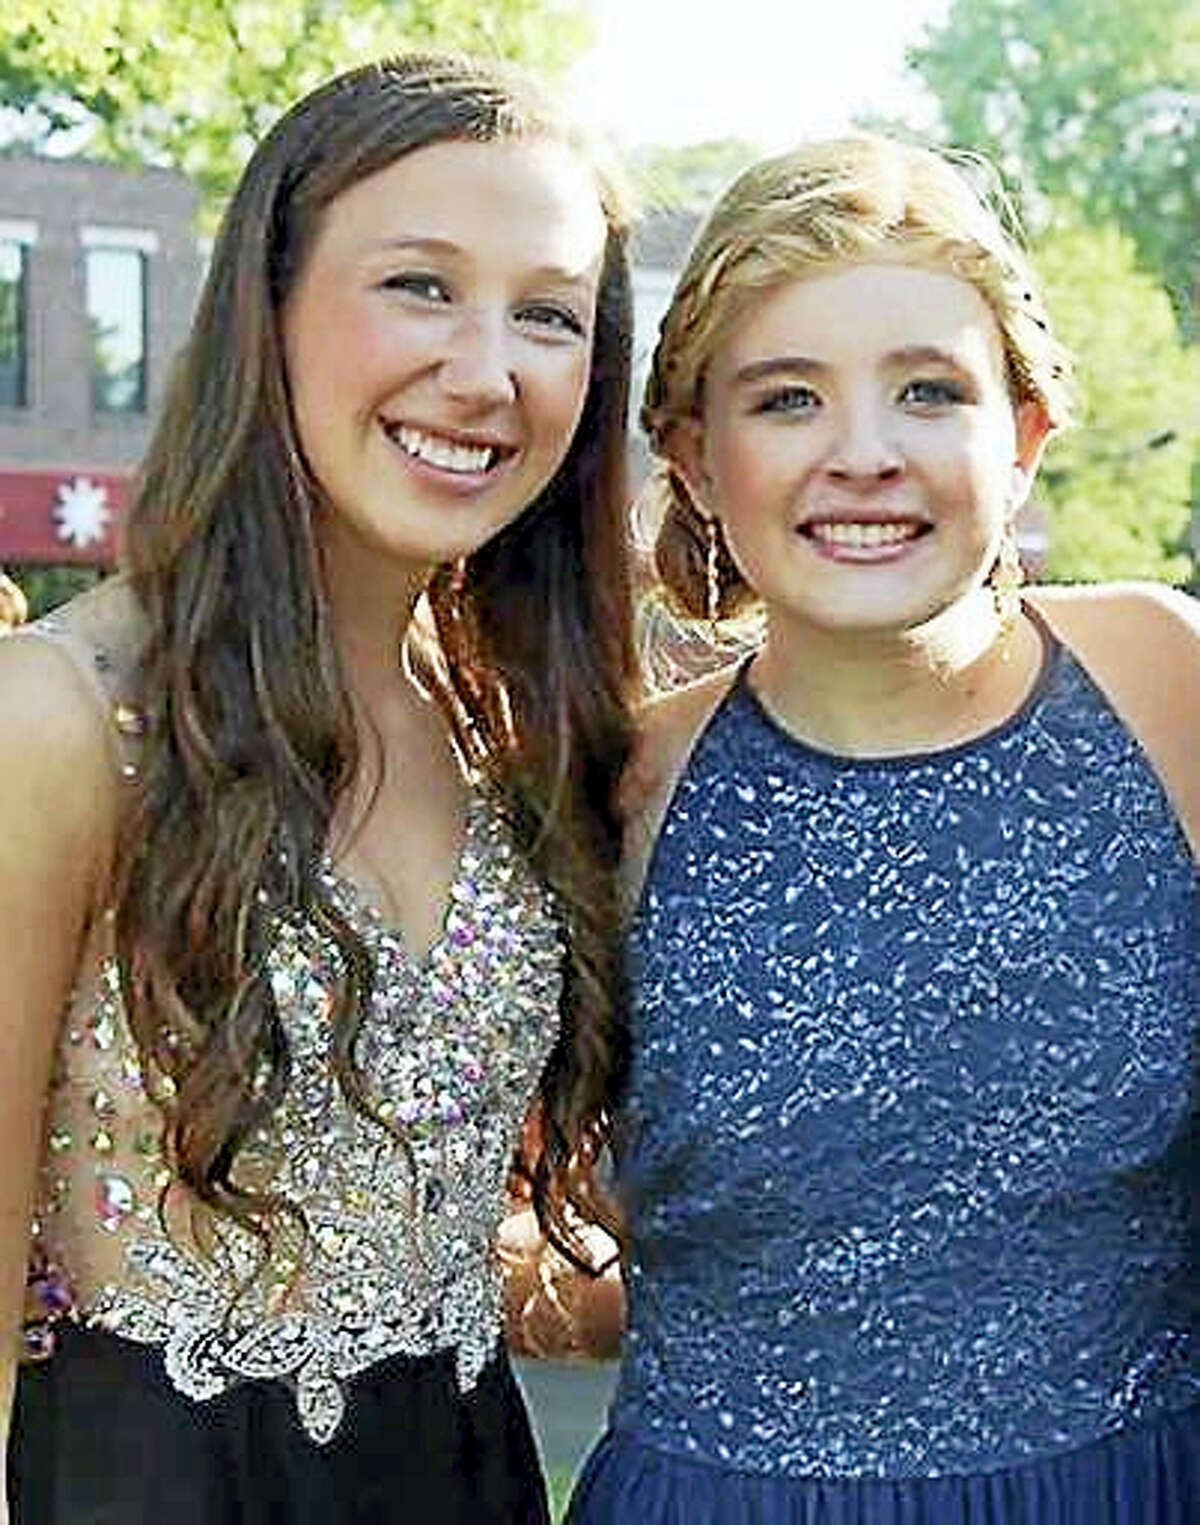 In this May 29, 2015 photo provided by Bonnie Hourican, her daughter Lauren Hourican, left, poses with Catherine Malatesta before the junior prom at Arlington High School in Arlington, Mass. After Catherine died from a rare cancer on Aug. 2, 2015, some of Catherine’s friends, including Lauren, decided to wear her gown to their own proms in 2016 in Catherine’s honor.
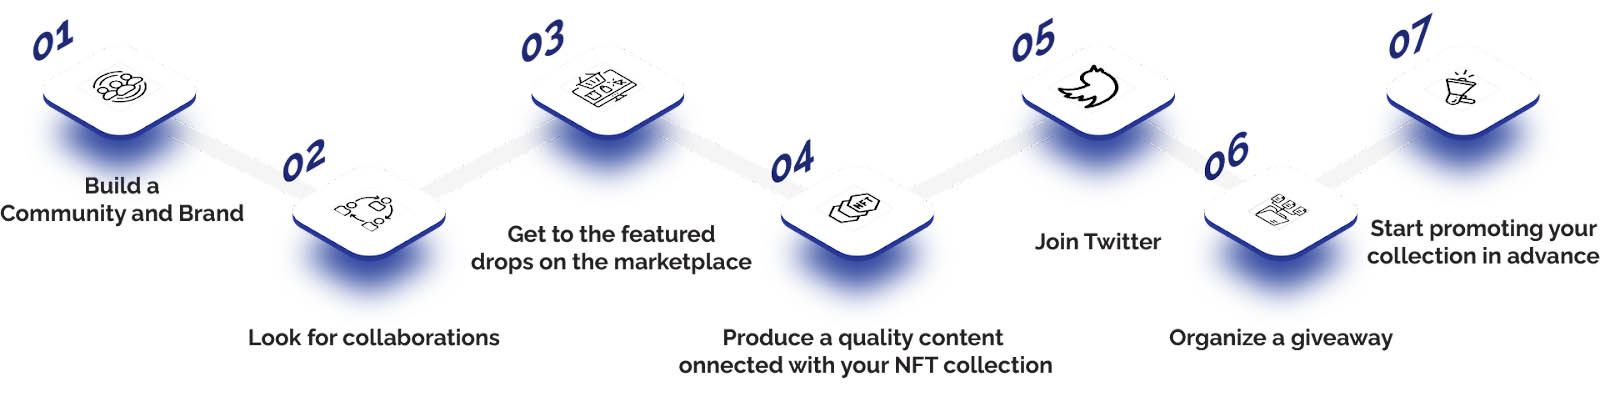 Free ways to promote an NFT collection
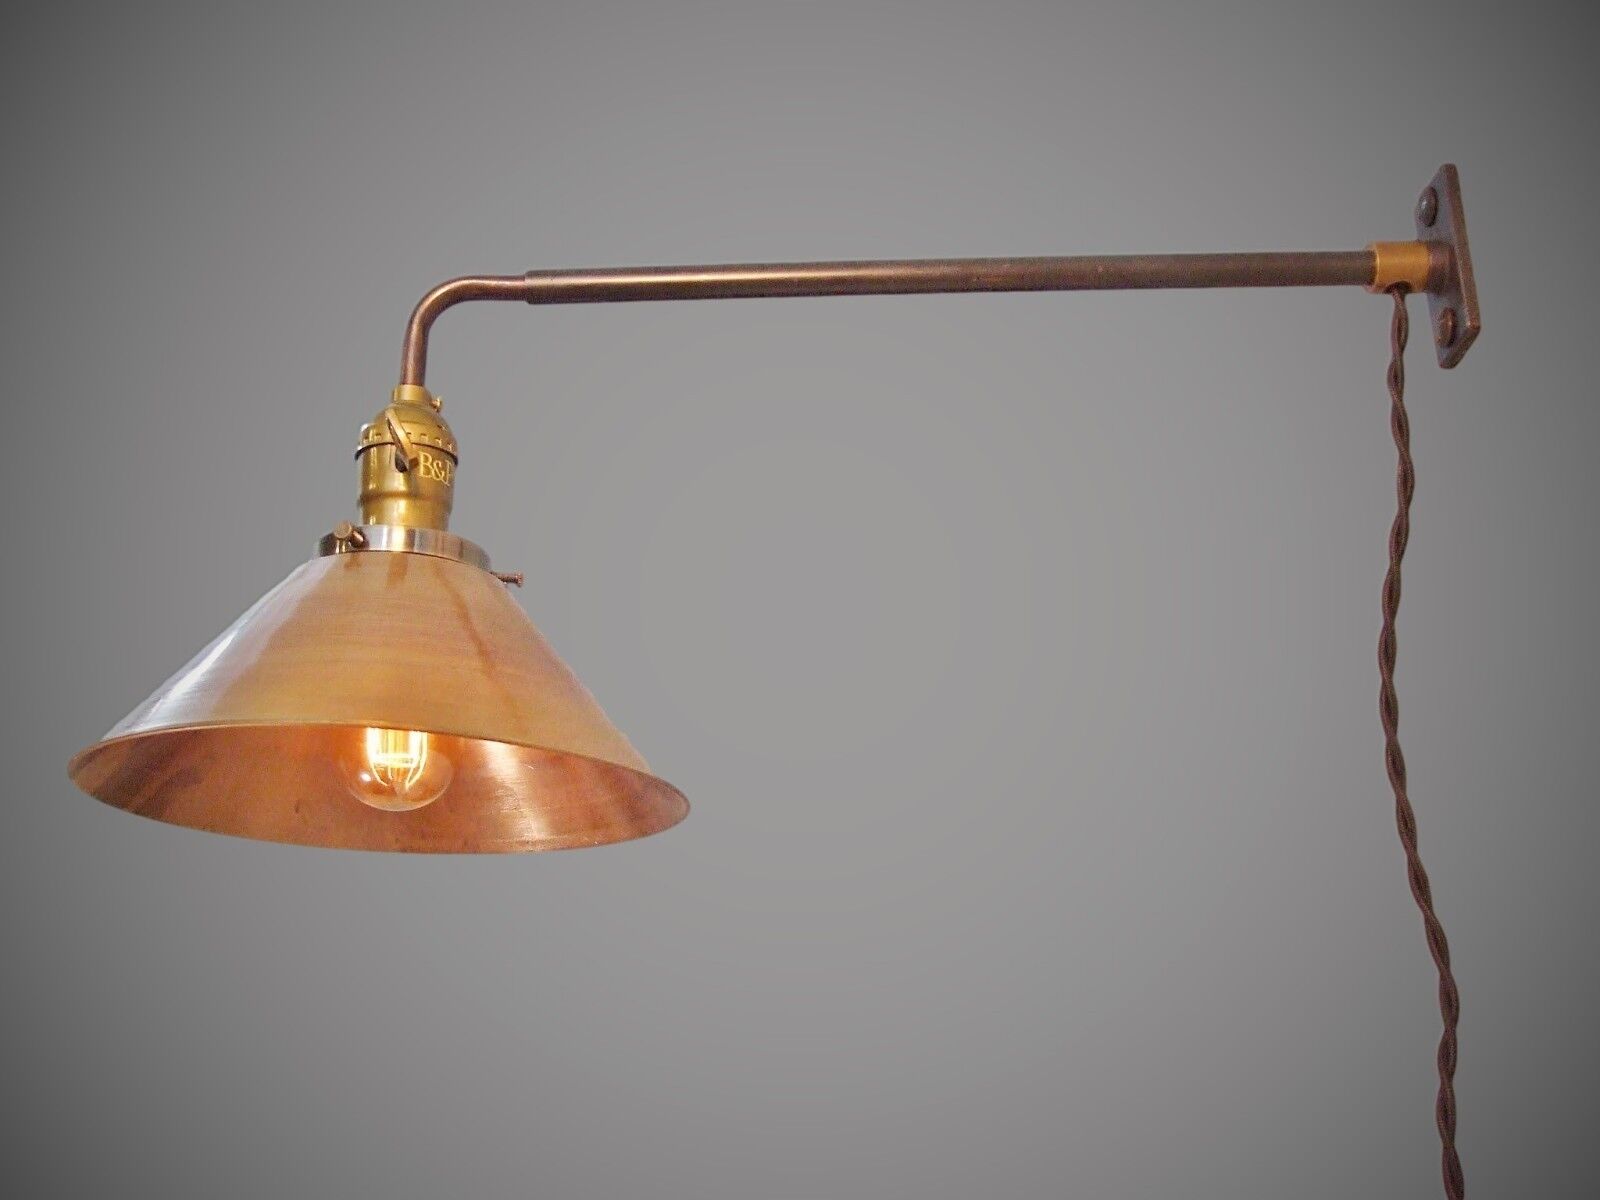 Vintage Industrial Wall Mount Light - BRASS SHADE - Machine Age Cage Lamp Sconce

● **Aim of the task**: Find the line that contains "Free ways to promote an NFT collection". Copy it and every line after it through the end of the listing exactly, but not the pictures.

● **Output**:
 Free ways to promote an NFT collection
 Vintage Industrial Wall Mount Light - BRASS SHADE - Machine Age Cage Lamp Sconce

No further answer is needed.